The index entry structure is now somewhat different. We now have an index that has not 1 column (as in the Unique index) or 2 columns (as in the Non-unique index) but 4 columns in the index entry. As before, we still have the index column value of 2 bytes but we now have the following overheads per index entry:
 
2 bytes for flags and locking (as before)
1 byte for the indexed column length (as before)
6 bytes for a rowid index column (col 1) stating the start of a range of rowids that are covered by the particular index entry
1 byte for the length of this start rowid index column
6 bytes for a rowid index column (col 2) stating the end of a range of rowids that are covered by the particular index entry
1 byte for the length of this end rowid index column
1 byte for the bitmap bit sequence column (col 3) required for all the bits referencing rows within the above rowid ranges
1 byte for the length of this bitmap column
 
So the total overhead for each of the 5 index entries listed above is now 19 bytes, not 9 or 10 bytes as for the equivalent b-tree indexes. The length of an index entry is therefore 21 bytes in total, not 11 or 12 bytes as for the equivalent b-tree indexes.

A few important points to note.
 
As the columns are effectively unique, the number of index entries are the same for both b-tree and bitmap indexes. A key advantage of a bitmap index over a b-tree index is that for each distinct value, a single index entry is sufficient to cater for a range of rowids, potentially covering the whole table. For example, a specific column value with 100 duplicates may only need the one index entry for the column value within a bitmap index, but would require 100 different index entries within a (non-compressed) b-tree. However, as the column in the above example is unique, there are no duplicate values and so this potential saving is not possible in this bitmap index.
 
Notice also the size of the bitmap string for each index entry is actually tiny, just a single byte, even though there are 1 million rows in the table. It doesn’t even look like it’s using a million bits to store the necessary bitmap string information for each index entry. This is because for each index entry, only one bit is ever set to 1 (“true”), all other occurrences are logically false as only 1 row in the table ever has the specific index value. Remember, the column values are effectively unique.

Therefore, Oracle can use a very narrow range of rowid ranges for each index entry and effectively not bother storing details for the vast majority of the possible rowid ranges within the table as there’s only one bit that’s of interest and it only corresponds to a specific part of the table. Even in cases where there might just be a duplicate here or there, most values would be zeros (false) regardless and can be compressed extremely efficiently (topic for another day).

Although many folks commonly think otherwise (see original Burleson article for a perfect example of the following misperception), if a column which is unique or is approaching uniqueness is indexed via a bitmap index, the overheads associated with the bitmap string in the index entry is usually very minimal as by definition most bit values are logically “false” (0), with only the rare “true” (1) bit value needing to be stored and reference.

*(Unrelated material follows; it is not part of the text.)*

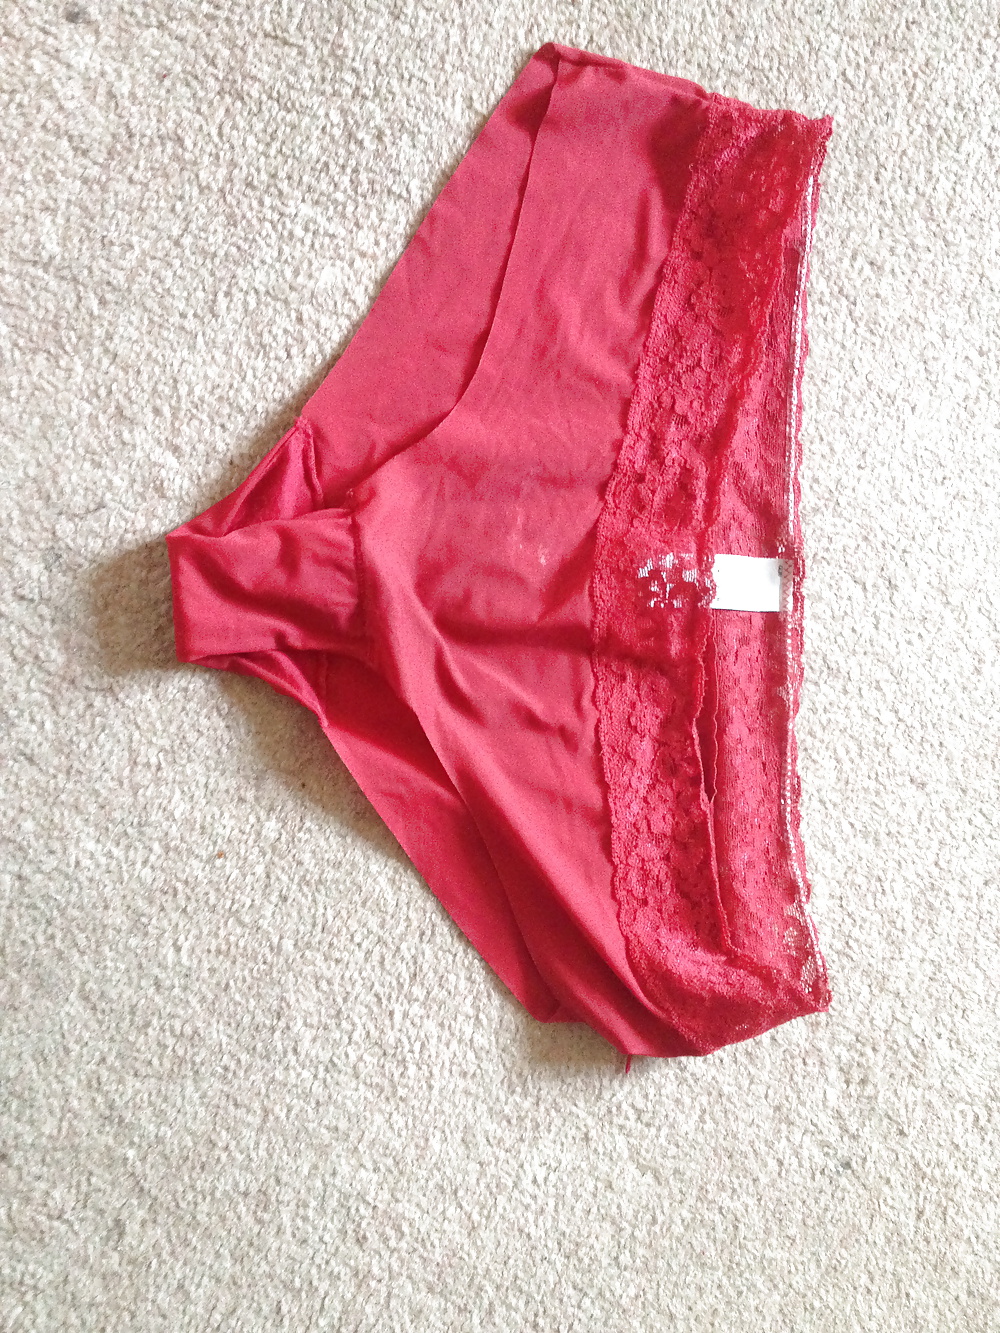 Wife's Underwear  #24276676

The issue is not necessarily with the overheads associated with just the bitmap string per se but also with the other overhead components, namely the additional rowid and column length bytes.
 
In short, the bitmap index can’t be any more efficient that use just 1 byte to store the necessary bitmap string information (plus 1 byte for the bitmap string length), however 19 bytes of overhead is the minimum required, mainly because of the requirement to store 2 rowids instead of 1 rowid and for all the additional index column length bytes. If the bitmap index needs to cater for a wider range of rowids and for more occurrences of 1s (true) values, then the overheads associated with the bitmap sequence can of course be much more considerable than the 1 byte (again, a topic for another day).
 
Therefore, the bitmap index is going to be significantly less efficient if the indexed values are unique or near unique as there’s all this additional overhead per index entry without the subsequent savings by not having to store separate index entries for duplicates column values. There needs to be at least some measure of duplication within a column for a bitmap index to have some chance of being the more efficient when compared to an equivalent b-tree index.
 
However, how many duplicate values within a column are actually necessary for a bitmap index to be considered and be viable alternative ? The answer is far fewer than many may think (again see original Burleson article for a common misunderstanding in this respect), although this question will be addressed in a future post on the subject.

Myth: Bitmap Indexes With High Distinct Columns (Supermassive Black Hole) March 3, 2010

Posted by Richard Foote in Bitmap Indexes, CBO, Clustering Factor, Oracle Indexes, Oracle Myths.
34 comments

As discussed in my previous post, it’s a silly myth to suggest a bitmap index should only be used for so-called “low cardinality” columns else the resultant index would be “huge”. I thought it might be worth a quick refresh to see a simple little demonstration why such claims are a nonsense.  There is in fact no limit to the number of distinct values by which a column could be considered a candidate for a bitmap index.  

I’ve already shown how a bitmap index on a column with 10,000 distinct values could potentially be smaller than an index with just 4 distinct values, even with the same data type and size. The number of distinct values in a column is but one small consideration, the number of rows in the table and the average ratio of repeated values are just as important. The other important consideration that can significant impact the size of a bitmap index is the distribution and clustering of the data within the table as we shall see.    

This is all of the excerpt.